What is detector using in Primary Detector Nano?

I run sample code deepstream-app on TX2, using Primary_detector_nano, and it pretty fast, >30 fps for 12 streams
I retrained a model detectnetv2_resnet10, and run with deepstream-app, performance is only <10 fps for 9 streams
I think my problem is about detector, because both model using the same backbone resnet 10.
So which detector are you using in sample?

Hi,
it’s samples/models/Primary_Detector/resnet10.caffemodel.
and it’s pruned model.
You could use /usr/src/tensorrt/bin/trtexec to measure infer performance.

1 Like

Hi,
Thanks for soon reply
But i still have no idea what type of detector in this. Resnet10 is just a backbone, i trained a model using detectnetv2 for detector but its not fast as sample model

I trained SSD mobilenetv2, but i got loss=Nan and crash from epoch 1
I use this config for train

random_seed: 42
ssd_config {
aspect_ratios_global: “[1.0, 2.0, 0.5, 3.0, 1.0/3.0]”
scales: “[0.05, 0.1, 0.25, 0.4, 0.55, 0.7, 0.85]”
two_boxes_for_ar1: true
clip_boxes: false
loss_loc_weight: 0.8
focal_loss_alpha: 0.25
focal_loss_gamma: 2.0
variances: “[0.1, 0.1, 0.2, 0.2]”
arch: “mobilenet_v2”
freeze_bn: false
}
training_config {
batch_size_per_gpu: 1
num_epochs: 10
learning_rate {
soft_start_annealing_schedule {
min_learning_rate: 5e-5
max_learning_rate: 2e-2
soft_start: 0.15
annealing: 0.5
}
}
regularizer {
type: L1
weight: 3e-06
}
}
eval_config {
validation_period_during_training: 10
average_precision_mode: SAMPLE
batch_size: 8
matching_iou_threshold: 0.5
}
nms_config {
confidence_threshold: 0.01
clustering_iou_threshold: 0.6
top_k: 200
}
augmentation_config {
preprocessing {
output_image_width: 480
output_image_height: 256
output_image_channel: 3
crop_right: 480
crop_bottom: 256
min_bbox_width: 1.0
min_bbox_height: 1.0
}
spatial_augmentation {
hflip_probability: 0.5
vflip_probability: 0.0
zoom_min: 0.7
zoom_max: 1.8
translate_max_x: 8.0
translate_max_y: 8.0
}
color_augmentation {
hue_rotation_max: 25.0
saturation_shift_max: 0.20000000298
contrast_scale_max: 0.10000000149
contrast_center: 0.5
}
}
dataset_config {
data_sources: {
tfrecords_path: “/workspace/src/NVIDIA-train/transfer_learning_face_plate/tlt-experiments/tfrecords/kitti_trainval/kitti_trainval*”
image_directory_path: “/workspace/src/NVIDIA-train/transfer_learning_face_plate/data_train/training”
}
image_extension: “jpg”
target_class_mapping {
key: “face”
value: “face”
}
target_class_mapping {
key: “plate”
value: “plate”
}
validation_fold: 0
}

Any help, pls?

@subzeromot

There are many reasons that may cause your network to run slowly.
Is this network pruned or sparsed?
Is this network int8 mode, fp16 mode or fp32 mode?
Hardware conditions would also affect inference speed.
Is your hardware boosted mode or not boosted mode?
Are there any other processes using GPU resources?

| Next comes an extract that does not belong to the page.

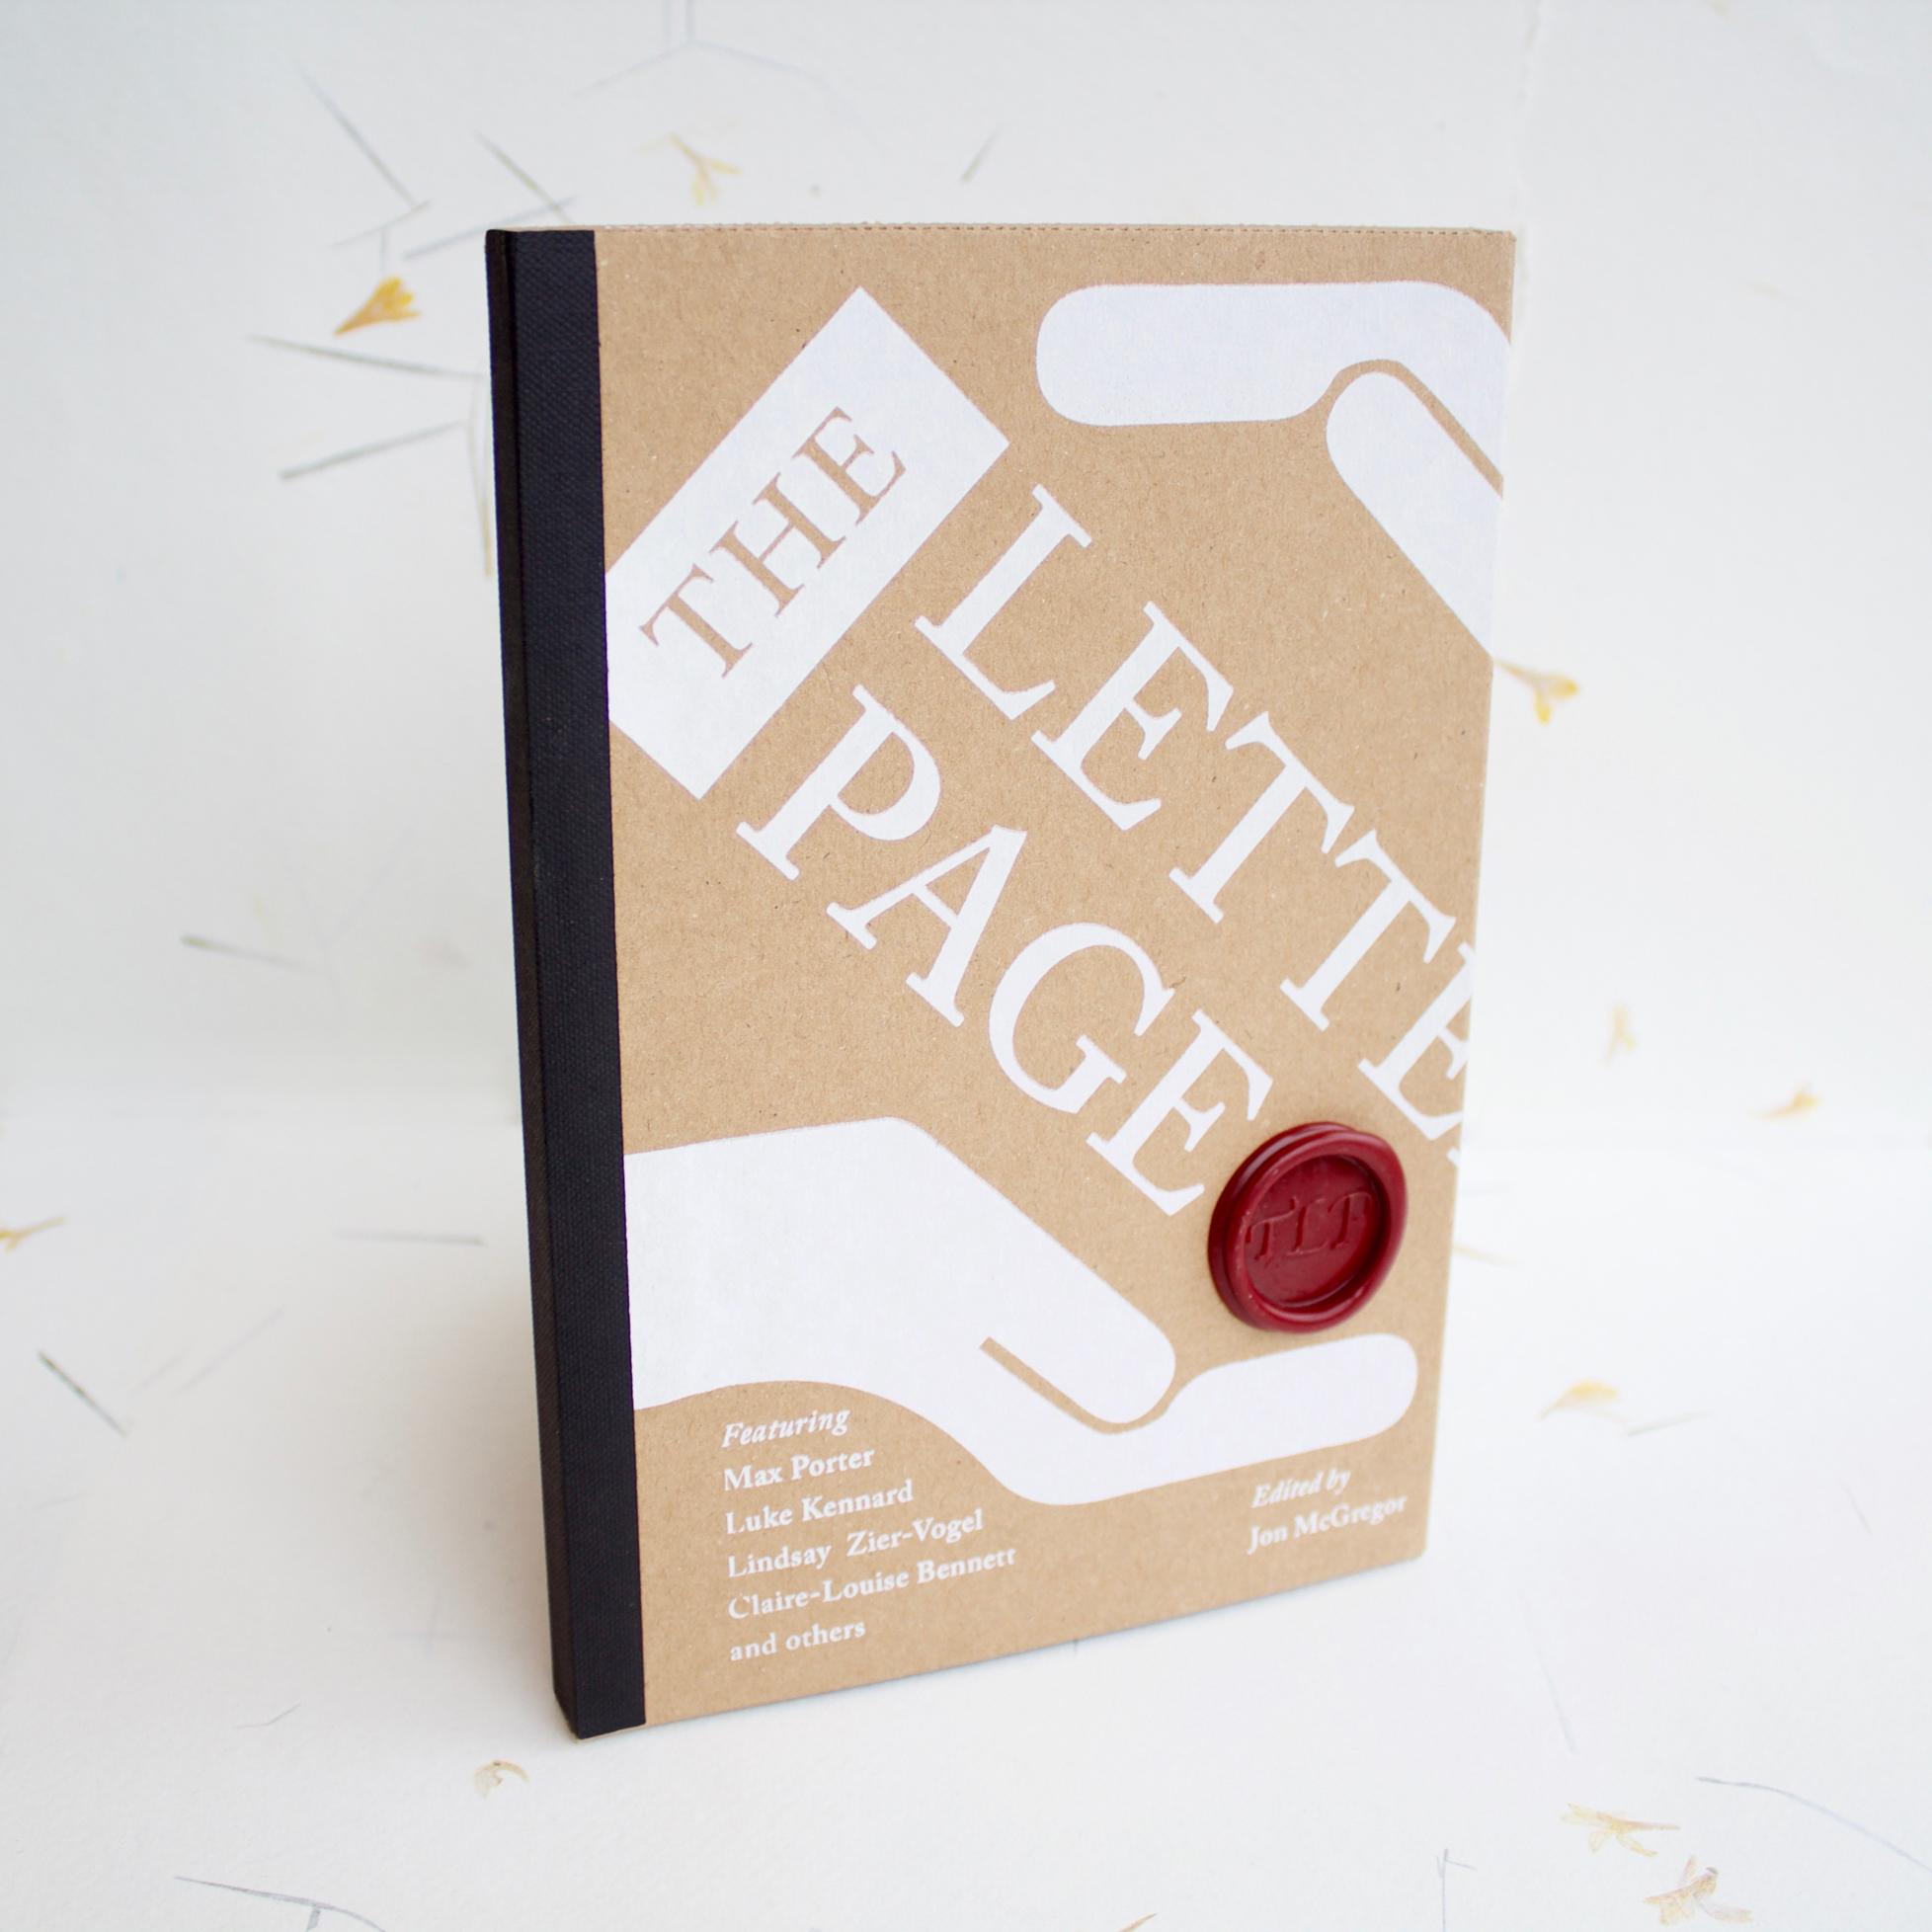 Editorial design - Printing design.jpg

For your question on behalf of SSD training, there would be also many reasons that cause your training to fail.
Network attribute configurations like learning rate, optimization method (SGD? ADAM?), batch size will affect training result.
Maybe there are flaws in your dataset configurations such as how objects are labeled is wrong.
Preprocessing of training inputs will also contribute to your training results.